Improve the prompt to generate images with DALLE3 and SD3

- Major - Ask for prompt in prose - Remove seed from SD3 image generation to improve diversity of output for a given prompt Otherwise for conversations with similar sounding prompts, the images would be almost exactly the same. This maybe another indicator of SD3's inability to capture detailed instructions - Consistently use "prompt" wording instead of "query" in improved image generation prompts. Previously a mix of those terms were being used, which could confuse the chat model - Minor - Add day of week to prompt - Remove 2-5 sentence limit on instructions to SD3. It seems to be able to follow longer instructions just with less fidelity than DALLE. And the 2-5 sentence instruction limit wasn't being adhered to - Improve ability to edit, improve the image based on follow-up instructions by the user - Align prompts for DALLE and SD3. Only difference is to wrap text to be rendered in quotes for SD3. This improves it's ability to render requested text. DALLE cannot render text as well or consistently
2025-02-17 08:04:21 +00:00 · 2024-07-11 10:28:52 +05:30 · 2024-07-11 10:28:52 +05:30 · 6c1861b319
commit 6c1861b319
parent 260aa61818
2 changed files with 24 additions and 35 deletions
--- a/src/khoj/processor/conversation/prompts.py
+++ b/src/khoj/processor/conversation/prompts.py
@ -121,9 +121,9 @@ User's Notes:
 ## Image Generation
 ## --

-image_generation_improve_prompt_dalle = PromptTemplate.from_template(
-    """
-You are a talented creator. Generate a detailed prompt to generate an image based on the following description. Update the query below to improve the image generation. Add additional context to the query to improve the image generation. Make sure to retain any important information originally from the query. You are provided with the following information to help you generate the prompt:
+image_generation_improve_prompt_base = """
+You are a talented creator with the ability to describe images to compose in vivid, fine detail.
+Use the provided context and user prompt to generate a more detailed prompt to create an image:

 Today's Date: {current_date}
 User's Location: {location}
@ -137,39 +137,29 @@ Online References:
 Conversation Log:
 {chat_history}

-Query: {query}
+User Prompt: "{query}"

-Remember, now you are generating a prompt to improve the image generation. Add additional context to the query to improve the image generation. Make sure to retain any important information originally from the query.
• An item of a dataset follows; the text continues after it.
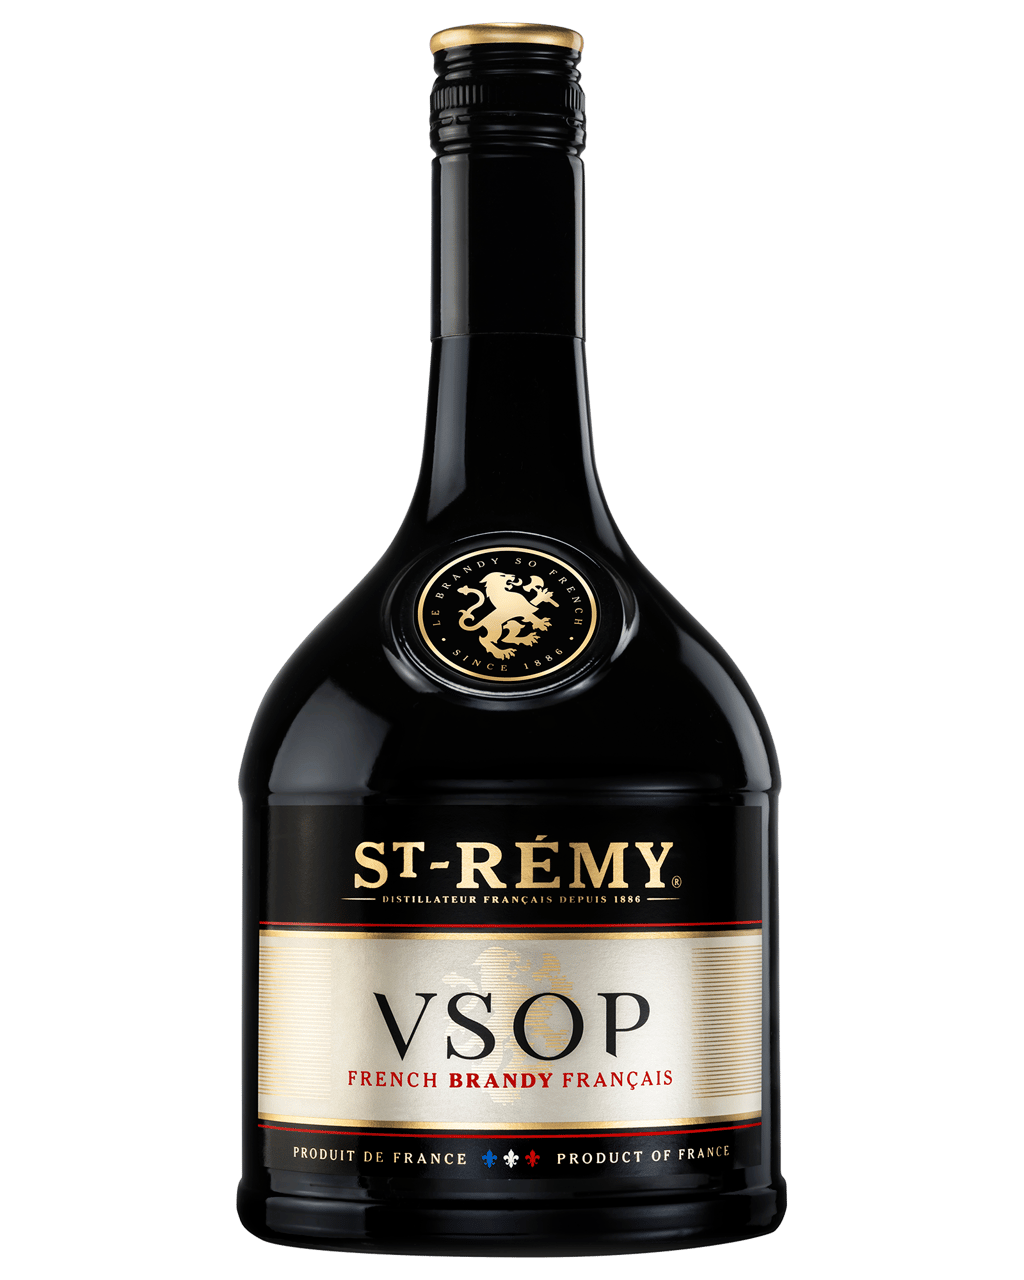 St. Remy VSOP Brandy

Use the additional context from the user's notes, online references and conversation log to improve the image generation.
-Improved Query:"""
+Now generate an improved prompt describing the image to generate in vivid, fine detail.
+- Use today's date, user's location, user's notes and online references to weave in any context that will improve the image generation.
+- Retain any important information and follow any instructions in the conversation log or user prompt.
+- Add specific, fine position details to compose the image.
+- Ensure your improved prompt is in prose format."""
+
+image_generation_improve_prompt_dalle = PromptTemplate.from_template(
+    f"""
+{image_generation_improve_prompt_base}
+
+Improved Prompt:
+""".strip()
 )

 image_generation_improve_prompt_sd = PromptTemplate.from_template(
-    """
-You are a talented creator. Write 2-5 sentences with precise image composition, position details to create an image.
-Use the provided context below to add specific, fine details to the image composition.
-Retain any important information and follow any instructions from the original prompt.
-Put any text to be rendered in the image within double quotes in your improved prompt.
-You are provided with the following context to help enhance the original prompt:
+    f"""
+{image_generation_improve_prompt_base}
+- If any text is to be rendered in the image put it within double quotes in your improved prompt.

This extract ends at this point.